Justice Owen’s said the accused man had threatened suicide if the abuse was disclosed and told the girl he would be locked up.

He noted the man had pleaded guilty at an early stage and had been physically and sexually abused in his own childhood. He noted the man was an alcoholic and drug addict for many years.

He noted the man’s culpability was increased due to the repeated offending and multiple victims. He noted the harm caused to the victims and the damage inflicted on their family unit.

The judge said the accused was no longer a young man trying to find his way in life and he had made little or no effort to rehabilitate himself, with a casual disregard for the harm he caused to others.

He said the accused man had offered an apology but this was qualified by a claim to his probation officer that he could not remember abusing the girls. He noted the man’s guilty plea.

Justice Owens imposed 14 years imprisonment and suspended the final two years on strict conditions. He ordered seven years post release supervision.

‘My story so far’

A local garda told Siobhan Lankford SC, prosecuting, that after returning to the family home the accused man had groomed, threatened, and raped his younger daughter over a period of two years.

The offences came to light after gardaí responded to an emergency call from the younger girl telling them her father had been raping her for two years.

The girl was taken to a sexual assault treatment unit and her father’s DNA was found in semen in her vagina.

Gardai found a document written by the girl called “my story so far” in which she detailed how the abuse which would happen when her parents were drinking had started when she was 12 years old.

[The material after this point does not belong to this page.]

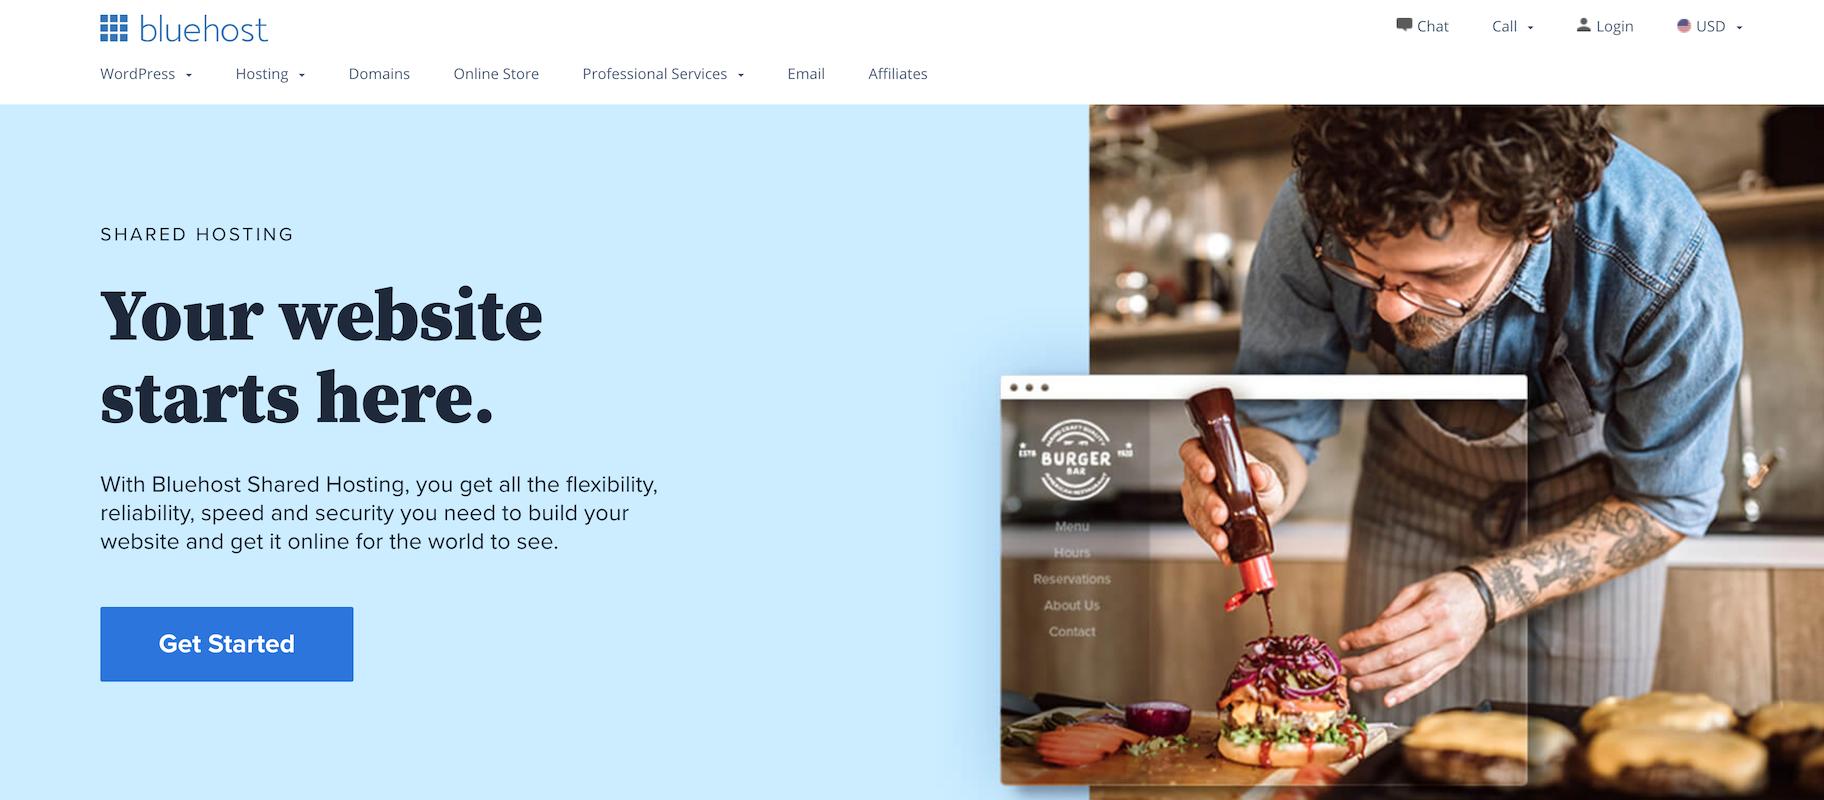 WordPress-friendly ecommerce host: Bluehost

The garda said there was a single count of sexual assault against the older girl in which her father had come into her room and touched her breast inside her top and vagina outside her clothing.

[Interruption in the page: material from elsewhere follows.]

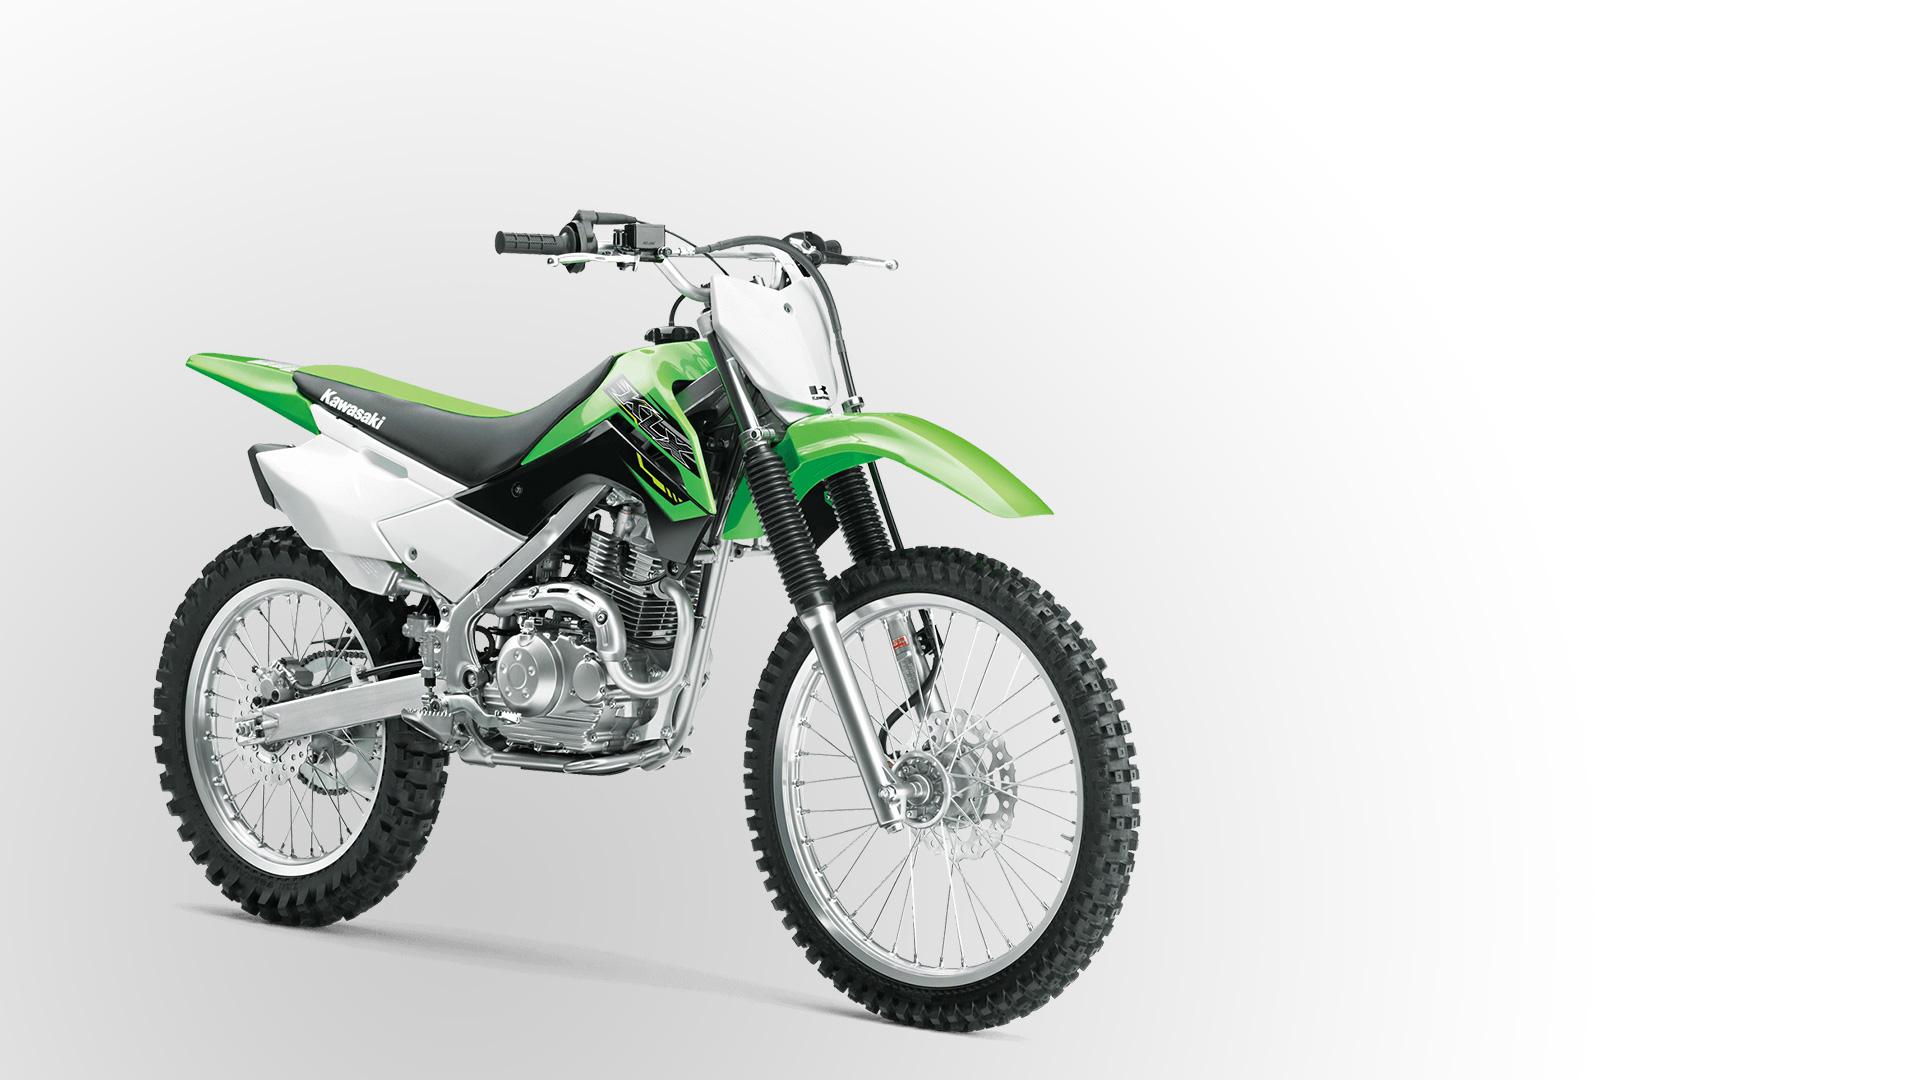 Kawasaki KLX140G 2019 STD

Tom Creed SC, defending, said that his client had suffered sexual and severe physical abuse in his own childhood.

He outlined a letter of apology written by the man to his daughters in which he said he had failed as a father and that if he had had the courage to come forward to report what had happened to him he might have been in a different place. He hoped they would use the services available to them.

The man apologised for the hurt and trauma he had inflicted and hoped the sentencing would be the beginning of a closure process for them.

Creed submitted his client had pleaded at an early stage which was some comfort to the girls in that they did not have to come to court and answer questions before a jury.